You can get something that looks sort of random but is predicatable by using the characteristics of prime integers where you build a set of integers by starting with I (some specific integer) and add the first prime number and then modulo by the 2nd prime number. (In truth the first and second numbers only have to be relatively prime--meaning they have no common prime factors--not counting 1, in case you call that a factor.
If you repeat the process of adding and doing the modulo, you will get a set of numbers that you can repeatably reproduce and they are ordered in the sense that taking any member of the set, adding the first prime and doing the modulo by the 2nd prime, you will always get the same result.
Finally, if the 1st prime number is large relative to the second one, the sequence is not easily predictable by humans and seems sort of random.
For example, 1st prime = 7, 2nd prime = 5 (Note that this shows how it works but is not useful in real life)
Start with 2. Add 7 to get 9. Modulo 5 to get 4.
4 plus 7 = 11. Modulo 5 = 1.
Sequence is 2, 4, 1, 3, 0 and then it repeats.
Now for real life generation of numbers that seem random. The relatively prime numbers are 91193 and 65536. (I chose the 2nd one because it is a power of 2 so all modulo-ed values can fit in 16 bits.)
int first = 91193;
int modByLogicalAnd = 0xFFFF;
int nonRandomNumber = 2345; // Use something else
for (int i = 0; i < 1000 ; ++i) {
nonRandomNumber += first;
nonRandomNumber &= modByLogicalAnd;
// print it here
}
Each iteration generates 2 bytes of sort of random numbers. You can pack several of them into a buffer if you need larger random "strings".
And they are repeatable. Your user can pick the starting point and you can use any prime you want (or, in fact, any number without 2 as a factor).
BTW - Using a power of 2 as the 2nd number makes it more predictable.
Ignoring RNGs that use some physical input (random clock bits, electrical noise, etc) all software RNGs are predicable, given the same starting conditions. They are, after all, (hopefully) deterministic computer programs.

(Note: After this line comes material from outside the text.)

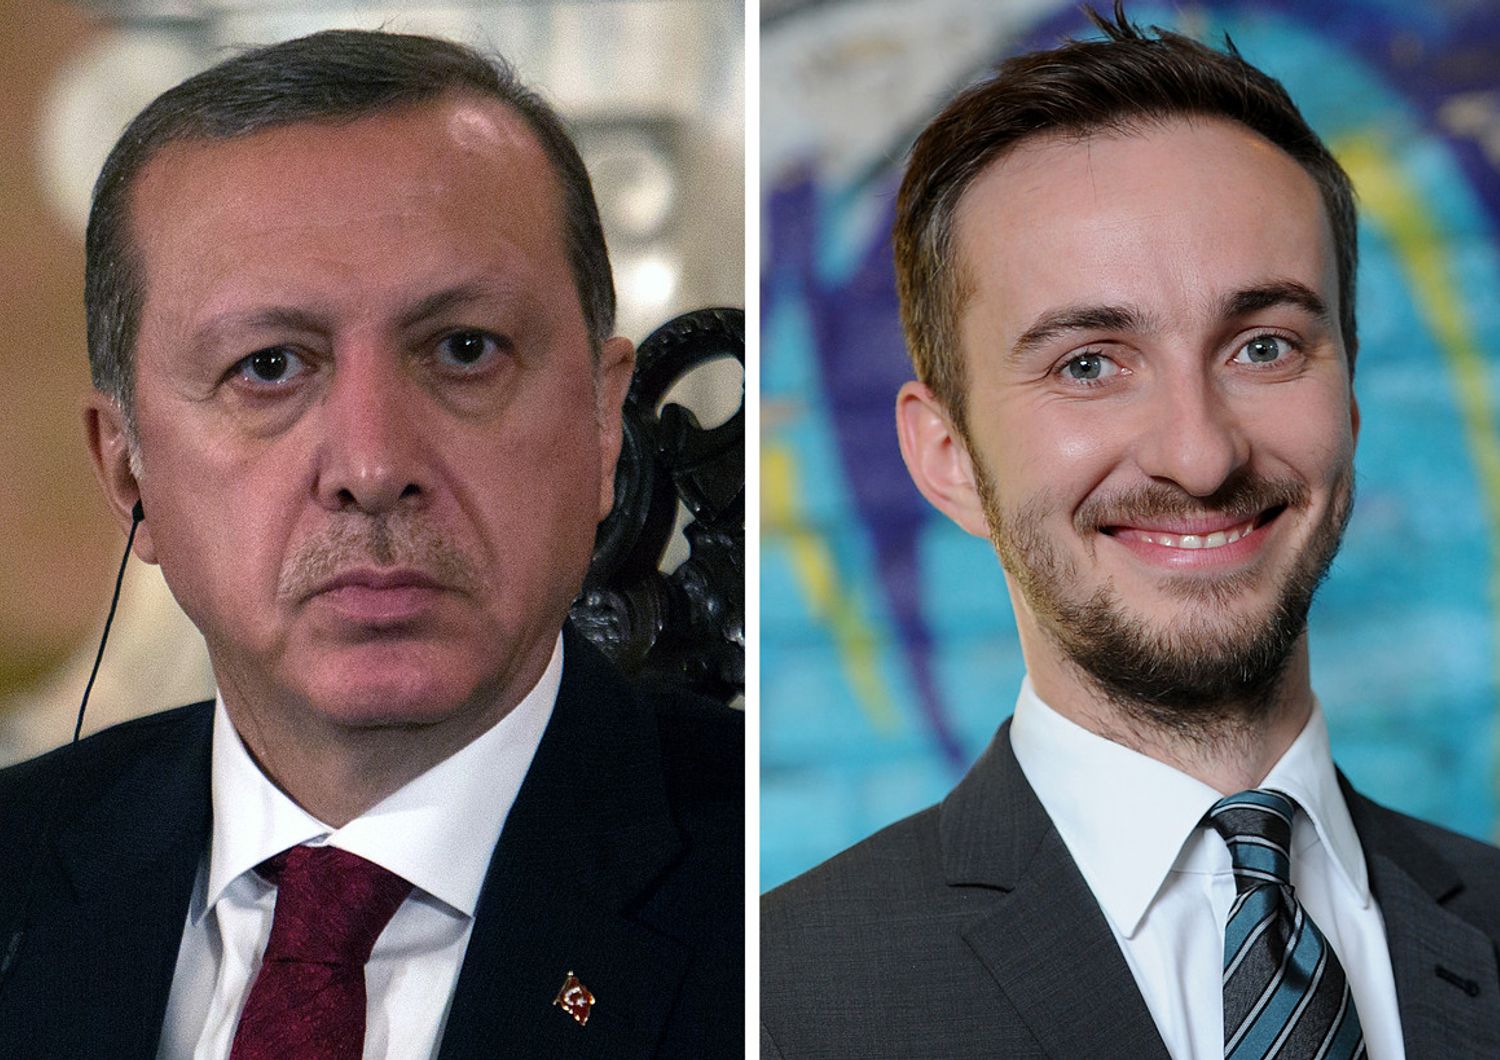 Tayyip Erdogan, presidente Turchia Jan Bohmermann, satiro (afp)&nbsp;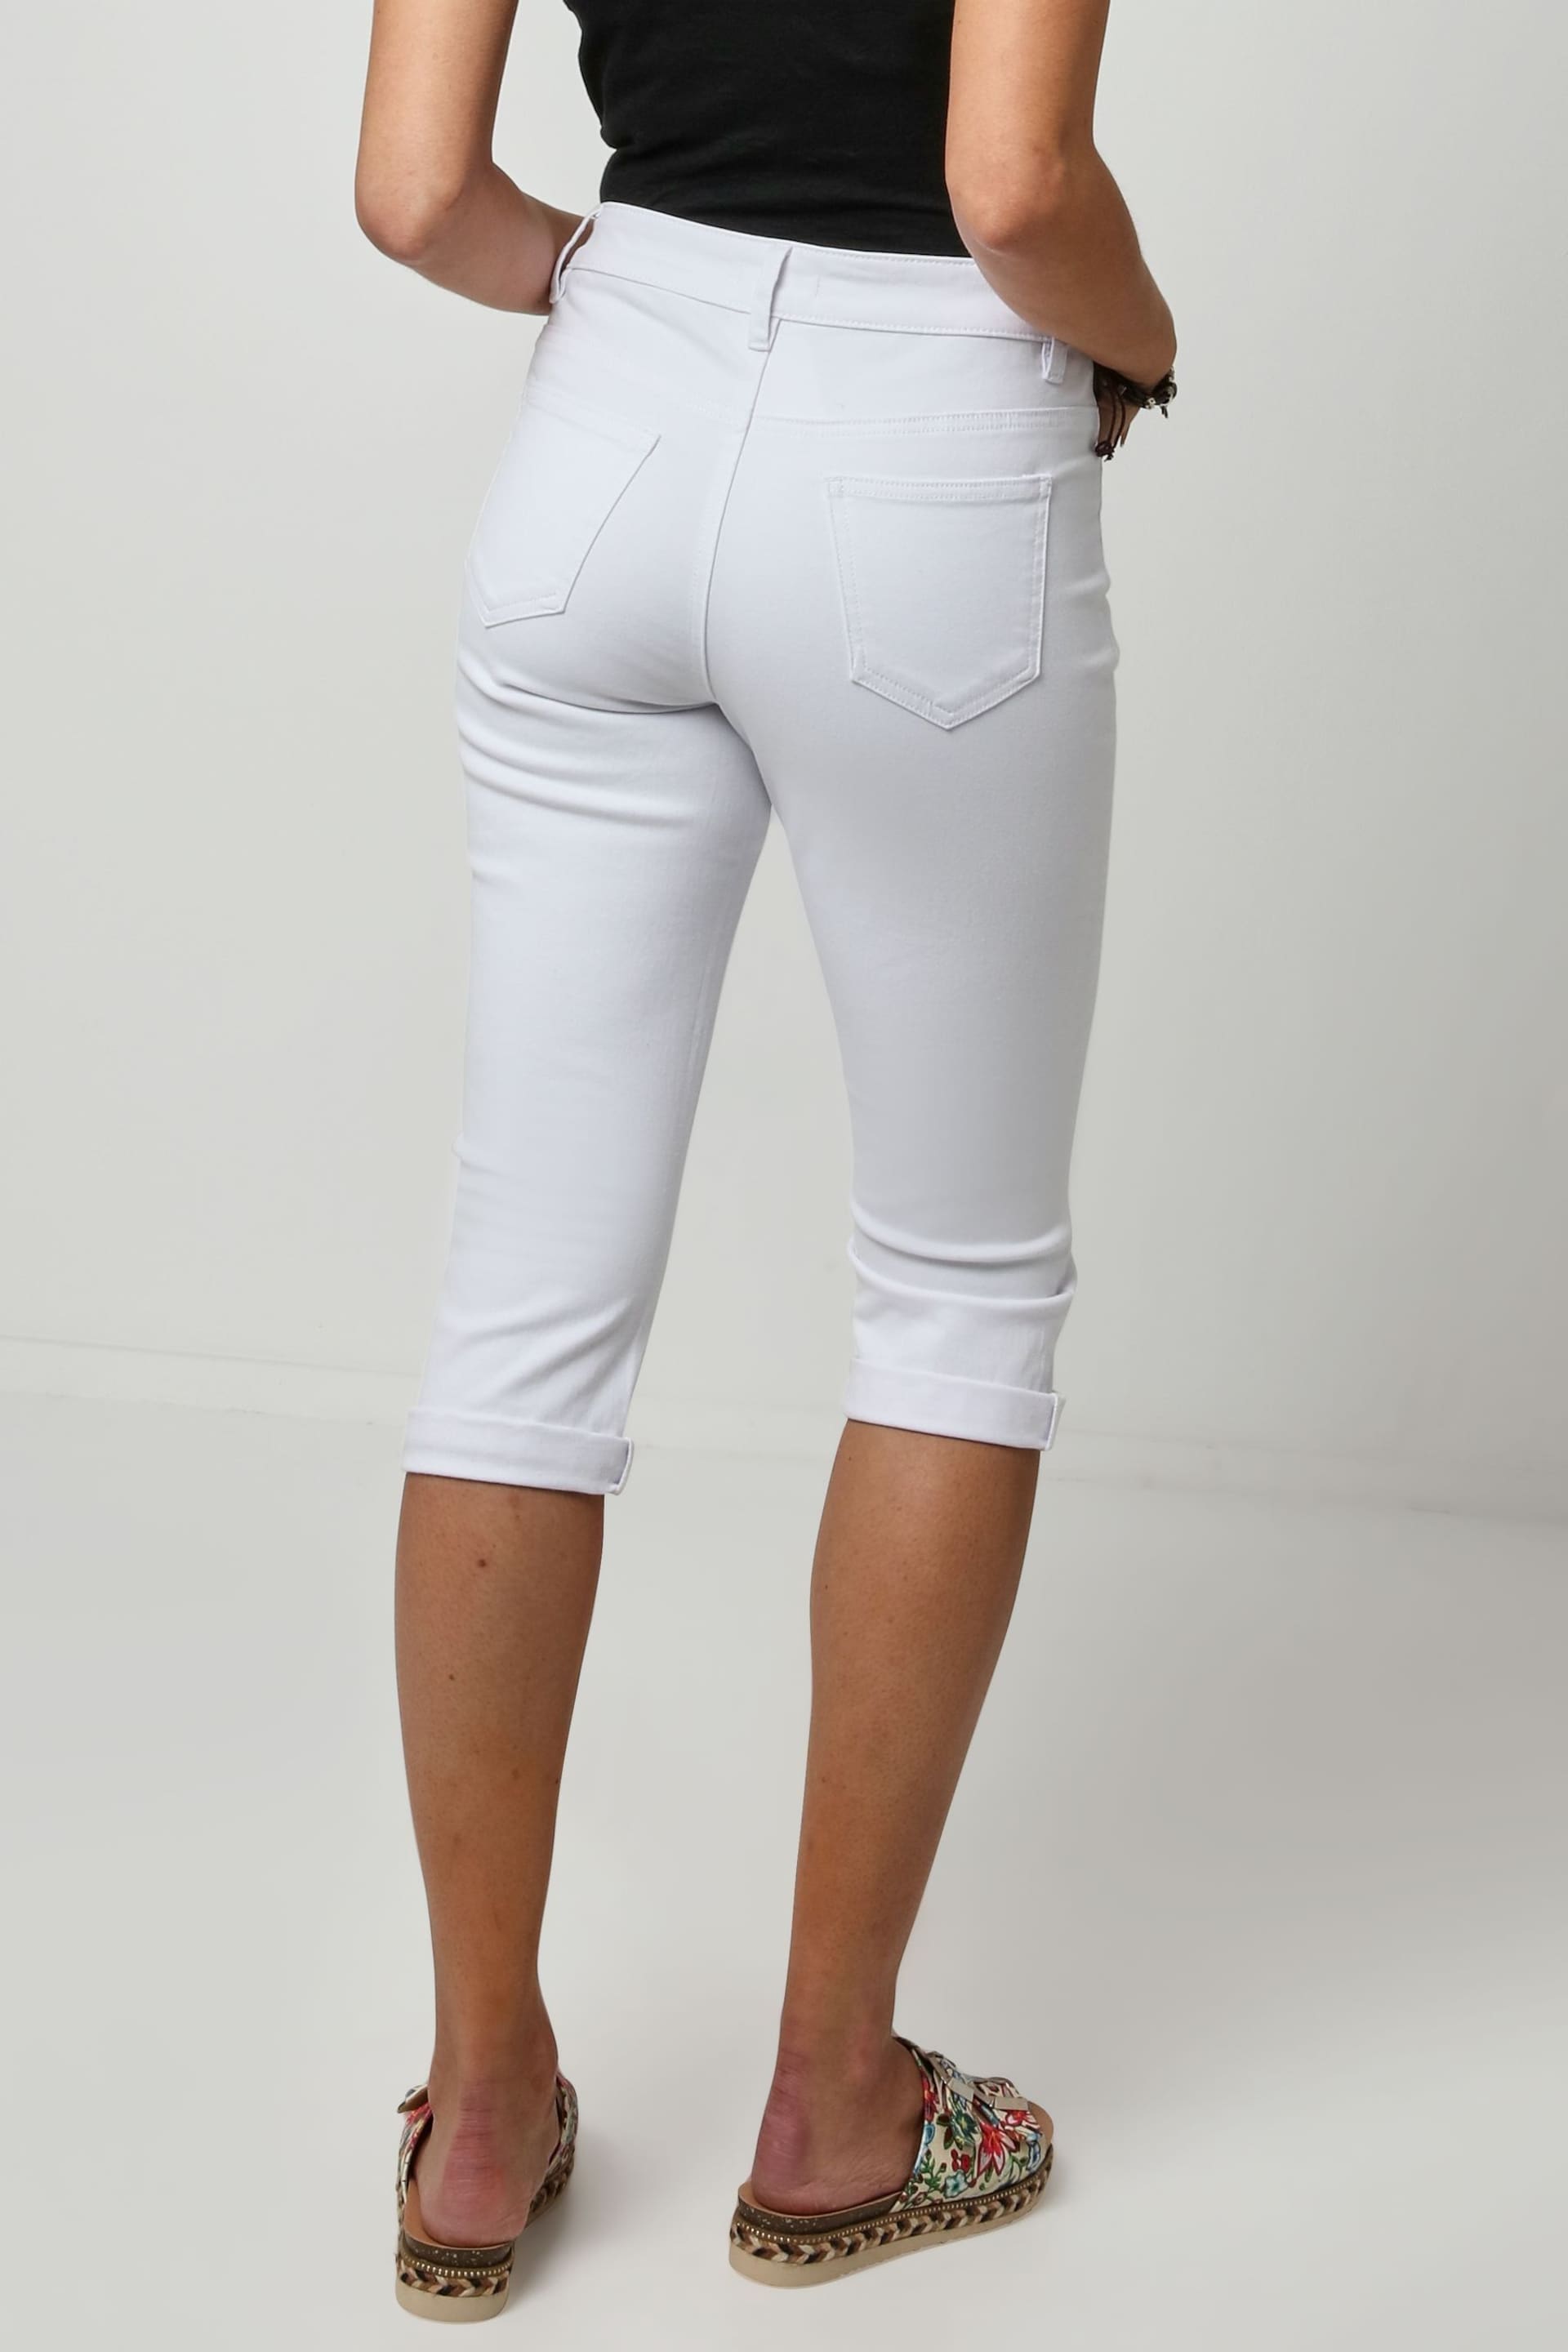 Joe Browns White Essentials Stretch Capri Trousers - Image 2 of 3

There are some algorithms that intentionally include the physical input (by, eg, sampling the computer clock occasionally) in attempt to prevent predictability, but those are (to my knowledge) the exception.
So any "conventional" RNG, given the same seed and implemented to the same specification, should produce the same sequence of "random" numbers. (This is why a computer RNG is more properly called a "pseudo-random number generator".)
The fact that an RNG can be seeded with a previously-used seed and reproduce a "known" sequence of numbers does not make the RNG any less secure than one where your are somehow prevented from seeding it (though it may be less secure than the fancy algorithms that reseed themselves at intervals). And the ability to do this -- to reproduce the same sequence again and again is not only extraordinarily useful in testing, it has some "real life" applications in encryption and other security applications. (In fact, an encryption algorithm is, in essence, simply a reproducible random number generator.)